# Difference between revisions of "User:Lchrisman/JQPN Cowlick"

This page has notes by Lonnie on an oddity that I've named the "Cowlick" of the fully-bounded Johnson QPN distribution from the paper:

This oddity impacts the implementation of DensUncertainLMH, where I was hoping to use their algorithm but ran into this glitch. Other than this, I am enthusiastic about their paper and am hoping to use their algorithm. I want to have a robust built-in function in Analytica, but I need to explore whether this is something that needs to be fixed first. So this page contains my private notes, just so I can understand what is going on, perhaps find a fix.

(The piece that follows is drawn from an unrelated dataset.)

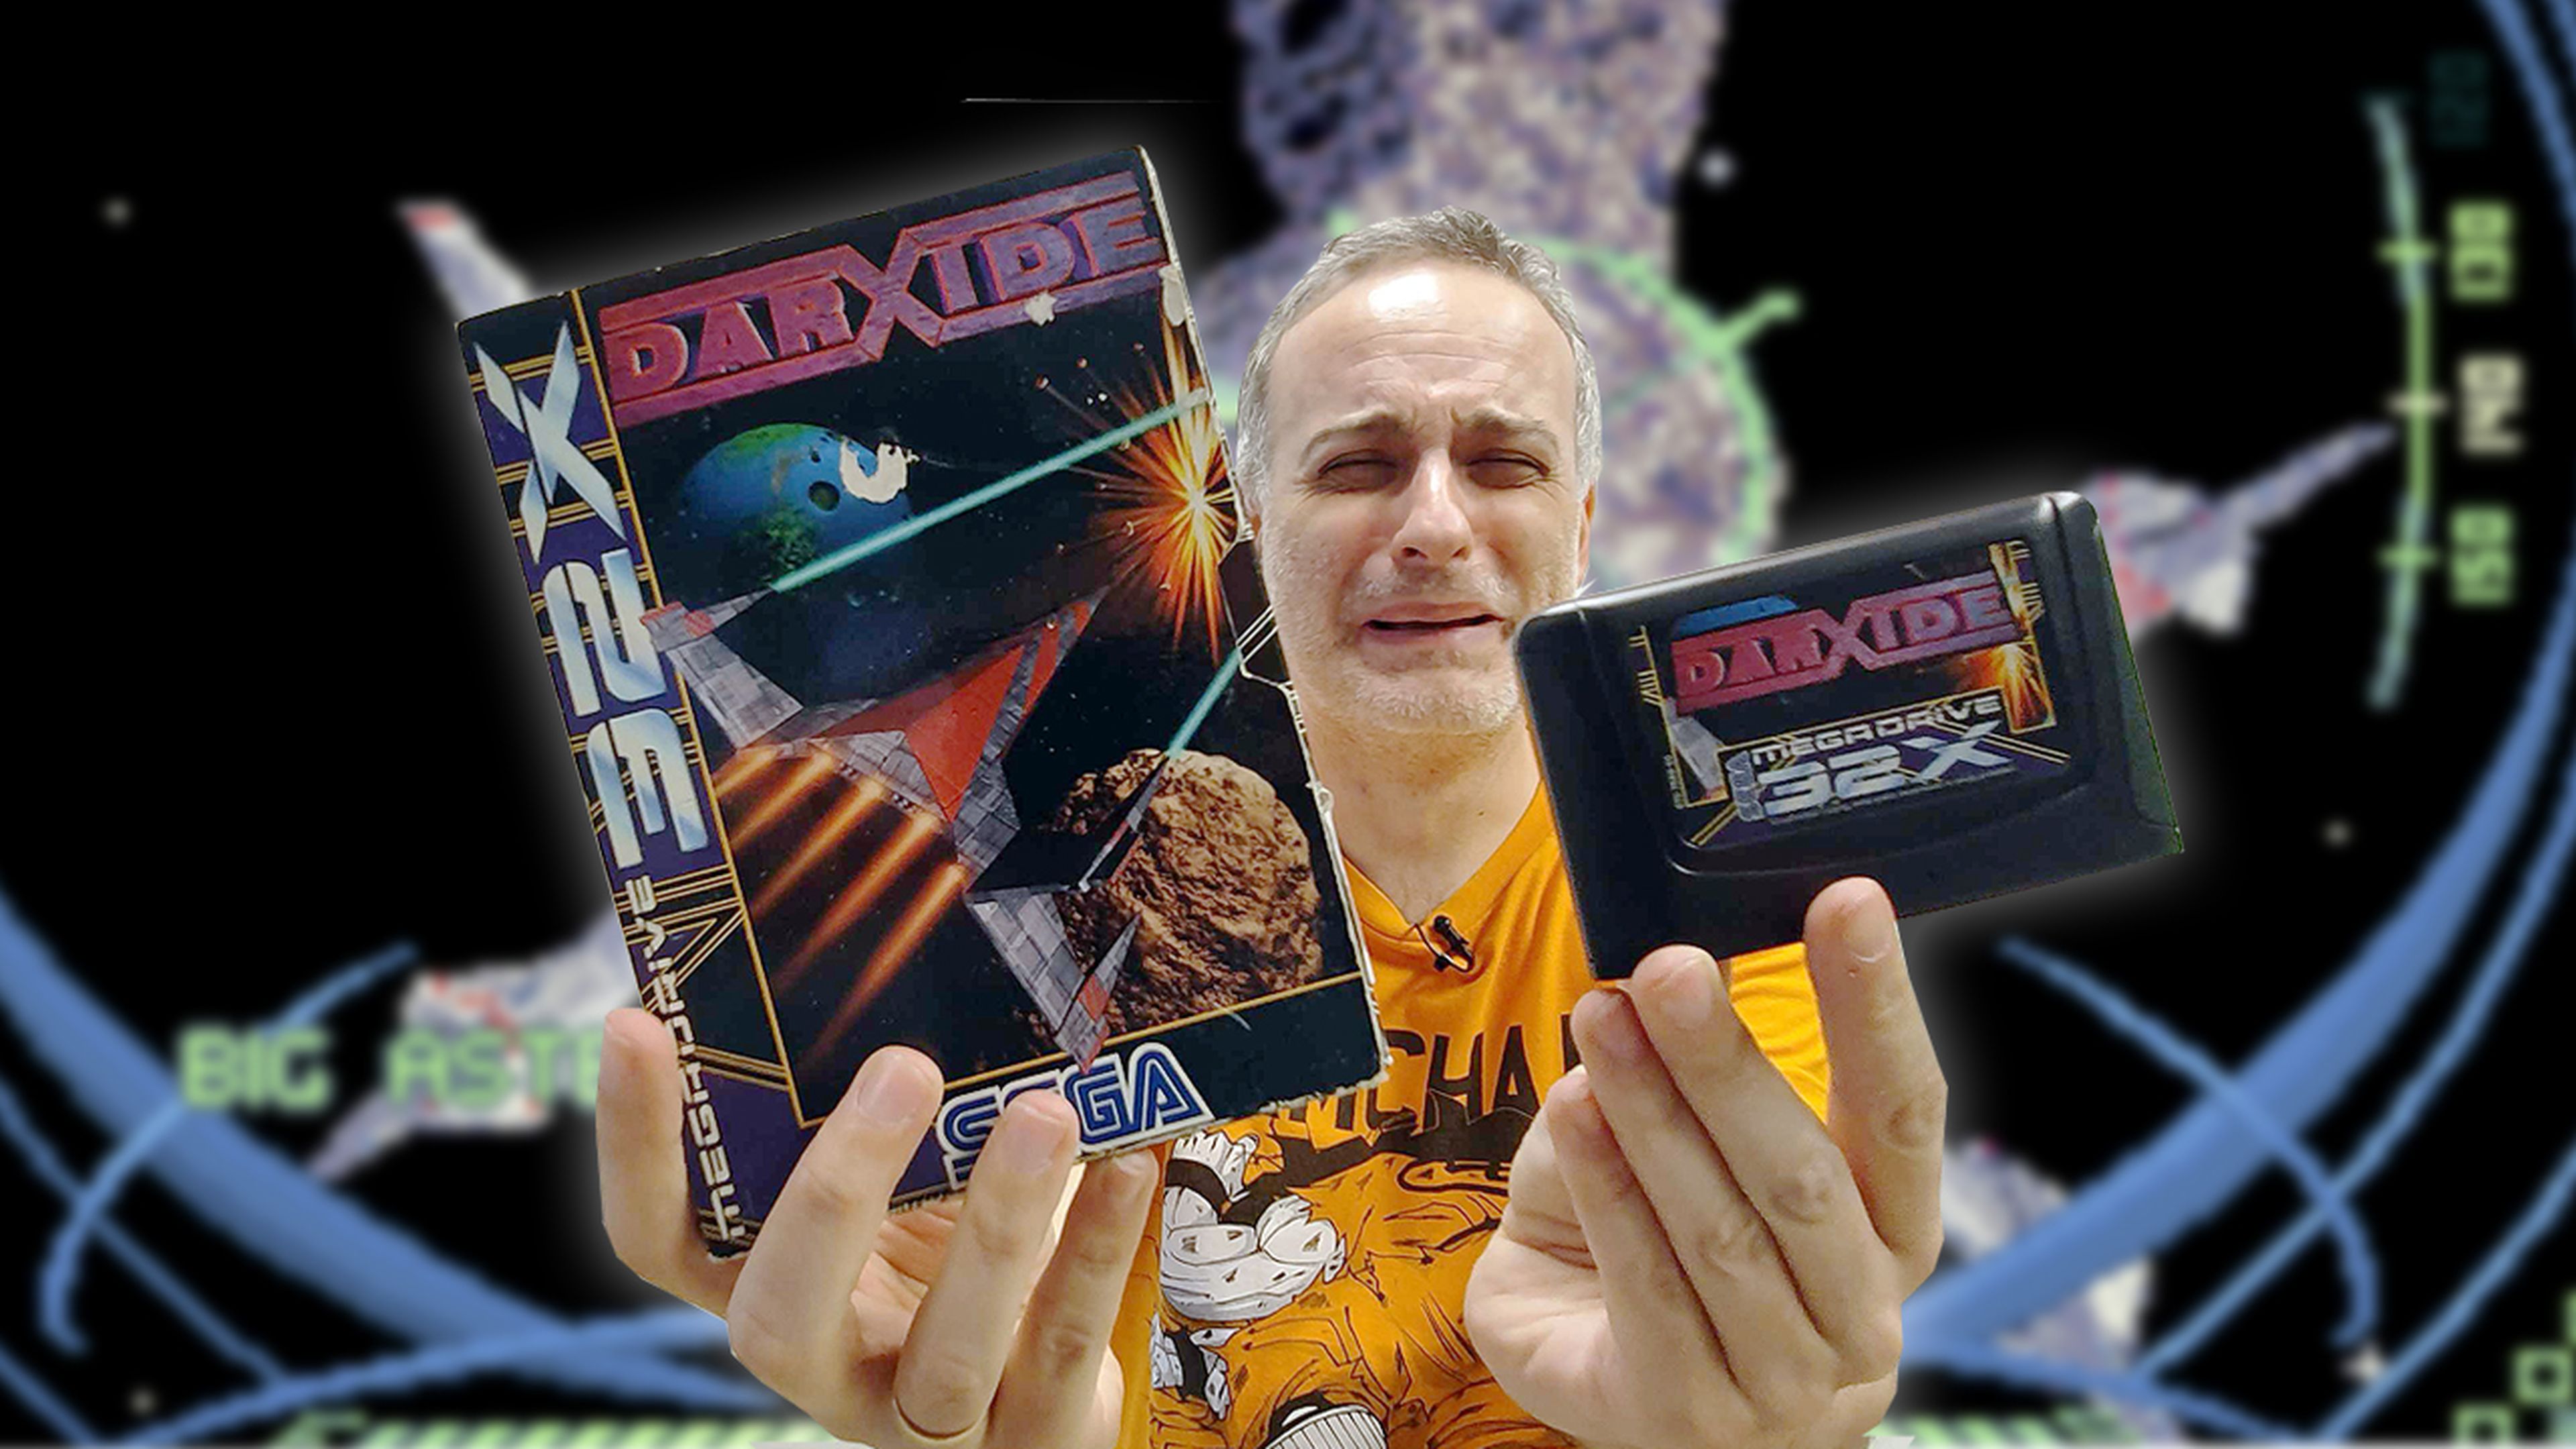 Darxide - El Santo Grial de Mega Drive 32X

The cowlick refers to an artifact in their fully-bounded distribution in which the density goes to infinity at the upper and lower bounds. At first I thought it happened at the upper bound when n=1 (when B < ave(L,H)), or goes to infinity at the lower bound when n=-1 (when B>ave(L,H)). But results below (in the absence of a mistake on my part) show that it is always there. (In the less extreme cases, the spike is so thin that you can only detect it by zeroing in very closely around the bound). This is an undesirable trait, and causes there to be what is essentially a step in the CDF at the upper bound, as if the continuous part of the CDF doesn't really go to the upper bound. It isn't a step in a strict sense (it is continuous), but it flicks up so fast at the end that it acts like a step. It would be better if it tended to ease up to the bound more smoothly. I think there are extreme cases where it would need to approach an infinite slope at the bounds (like where the 90th percentile gets arbitrarily close to the UB), but I'm seeing it were that doesn't seem necessary.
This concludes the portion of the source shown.